### ABOUT THIS EXERCISE
From the data that follows, set down exactly the lines from the one with "GPS Power Olympus" through the one with "Lenoir County Public", counting both. Pictures stay out.

### DATASET CONTENT
+ + + +

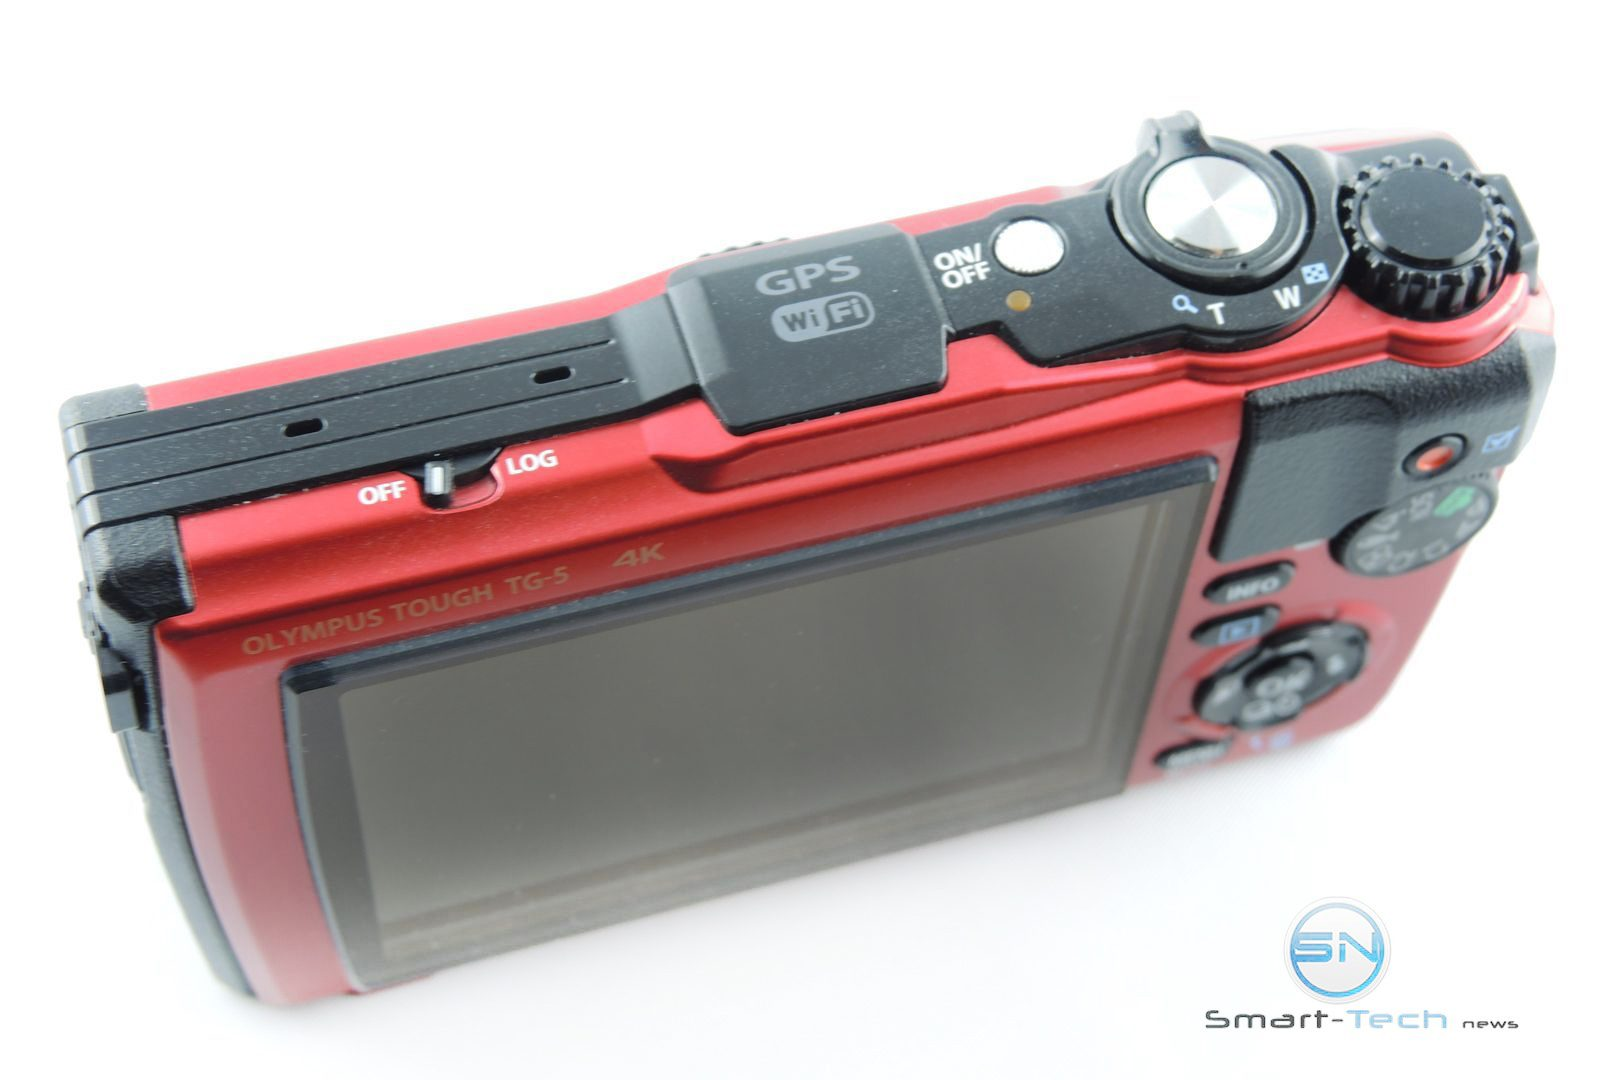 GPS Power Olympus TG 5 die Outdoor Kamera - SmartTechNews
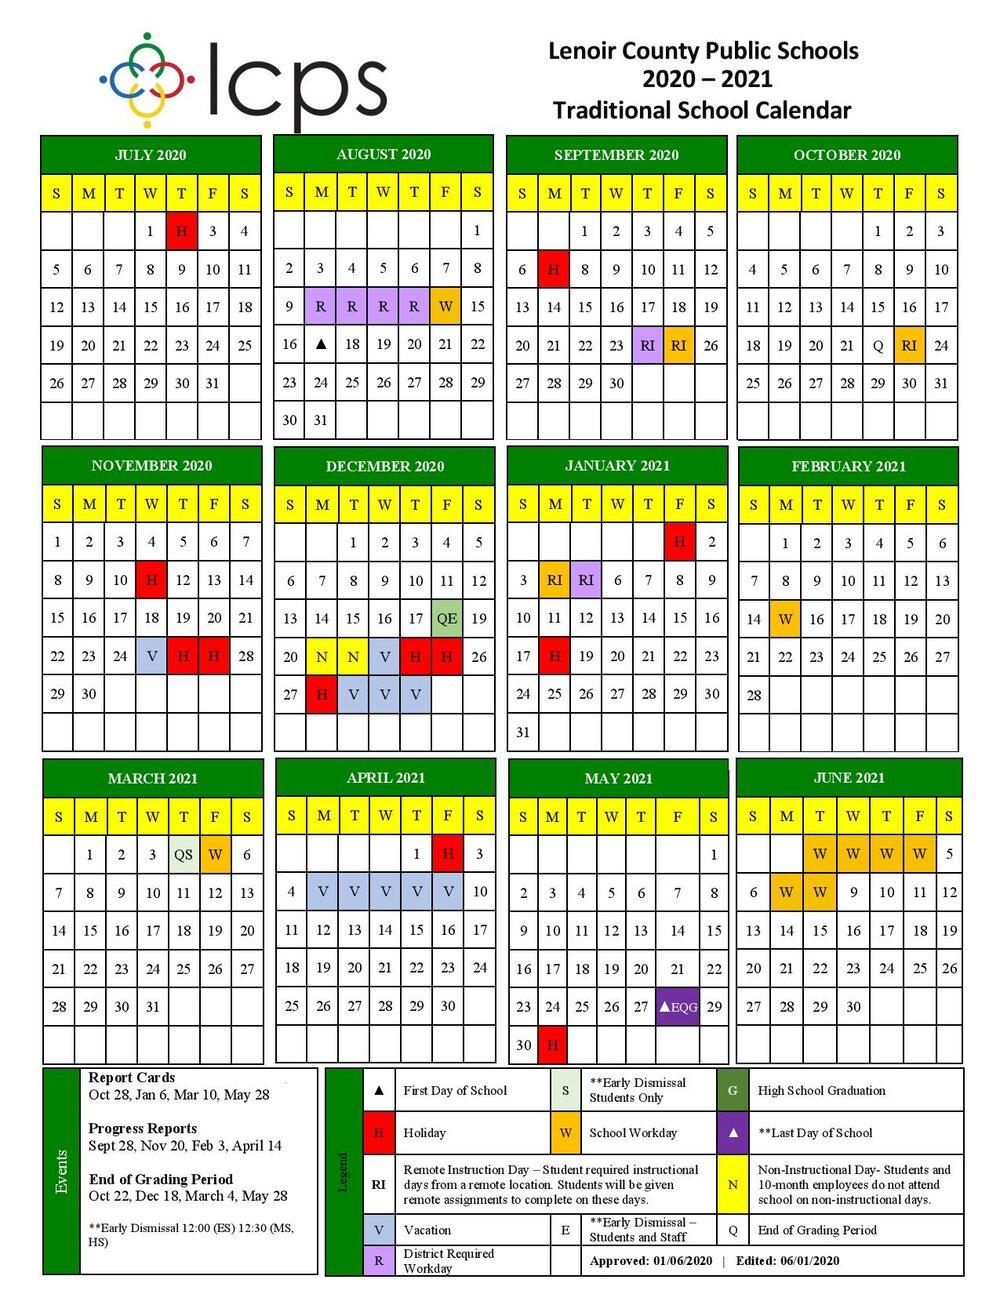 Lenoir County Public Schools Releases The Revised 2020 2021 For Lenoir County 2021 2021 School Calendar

+ + + +

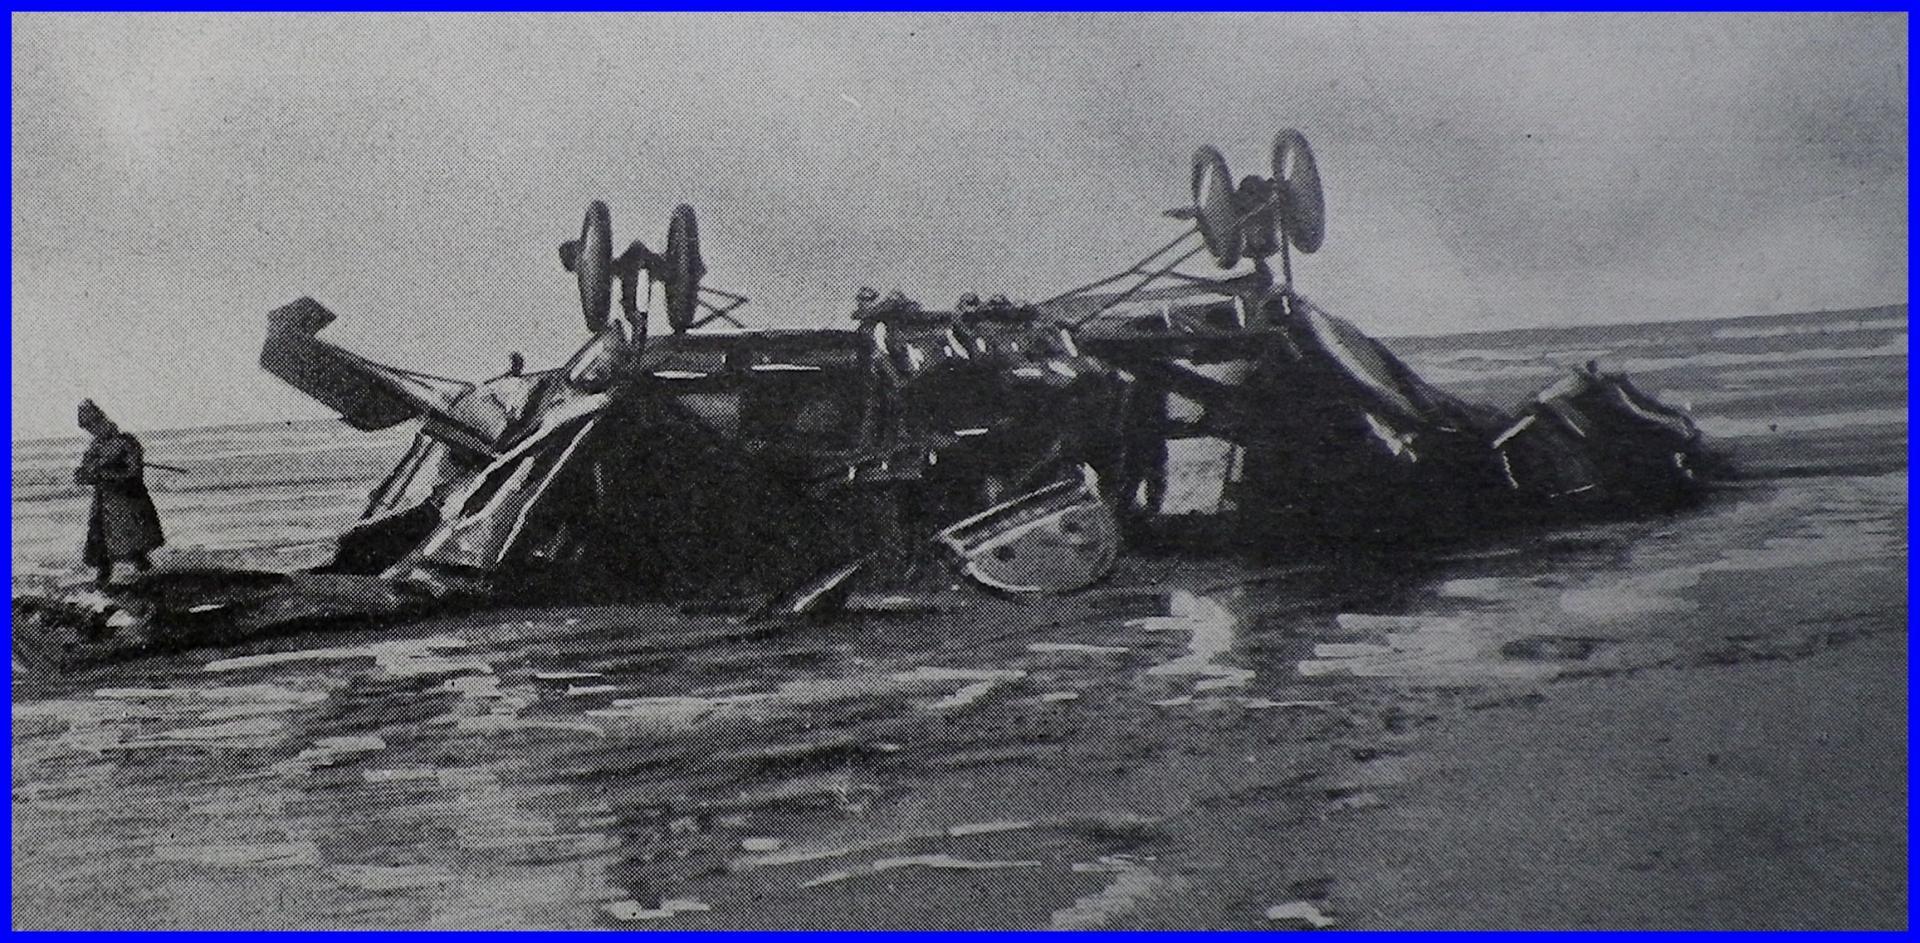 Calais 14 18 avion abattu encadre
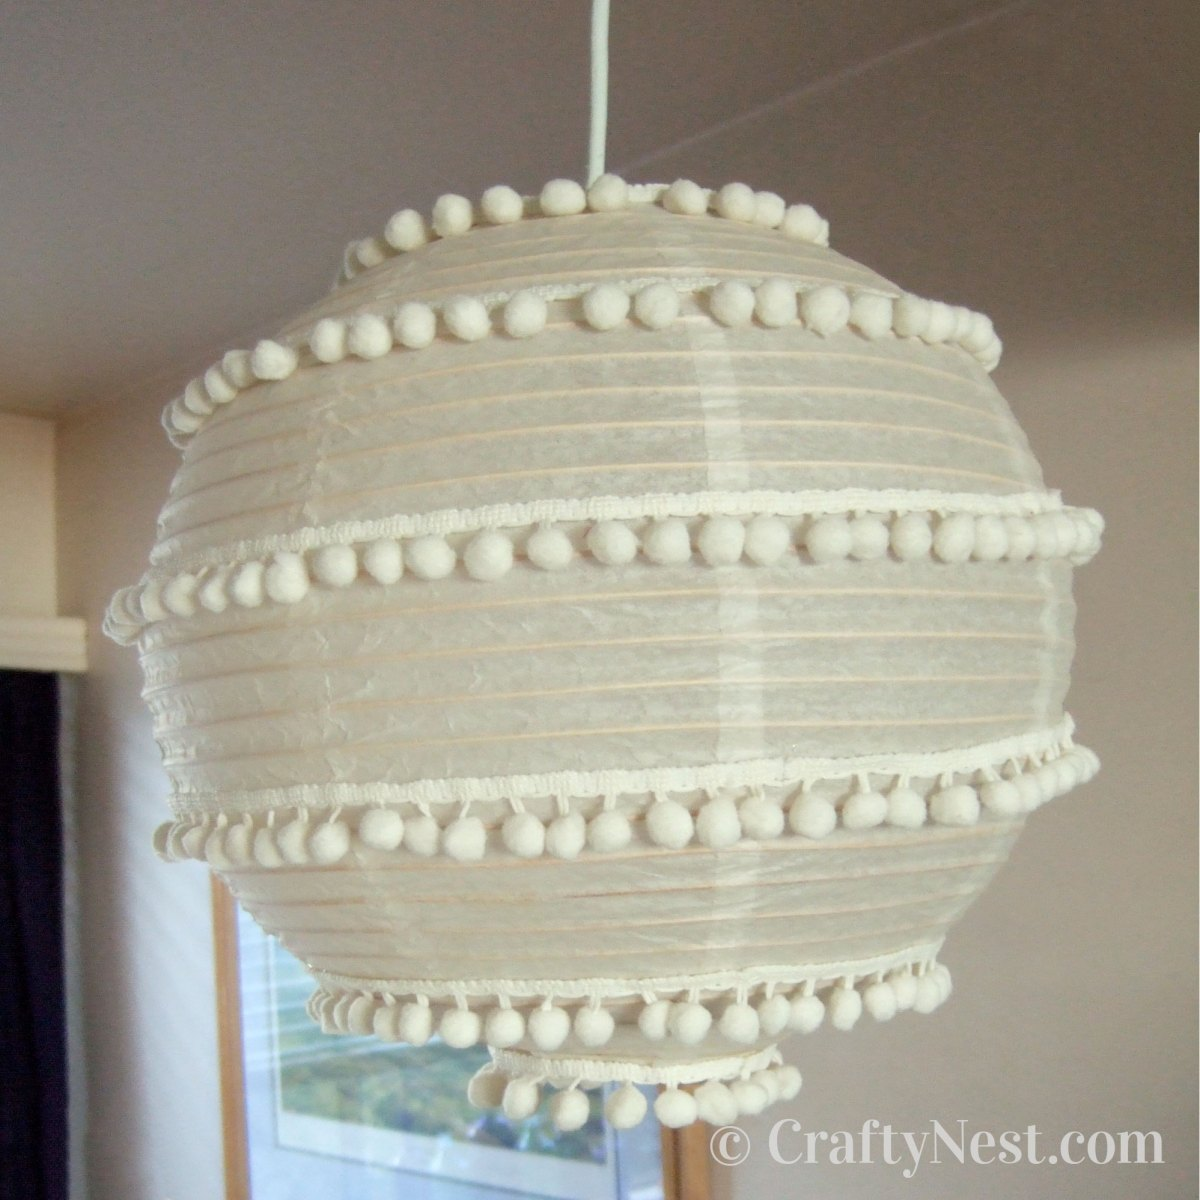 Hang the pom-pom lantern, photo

+ + + +

### FINISHED TASK
 GPS Power Olympus TG 5 die Outdoor Kamera - SmartTechNews
 Lenoir County Public Schools Releases The Revised 2020 2021 For Lenoir County 2021 2021 School Calendar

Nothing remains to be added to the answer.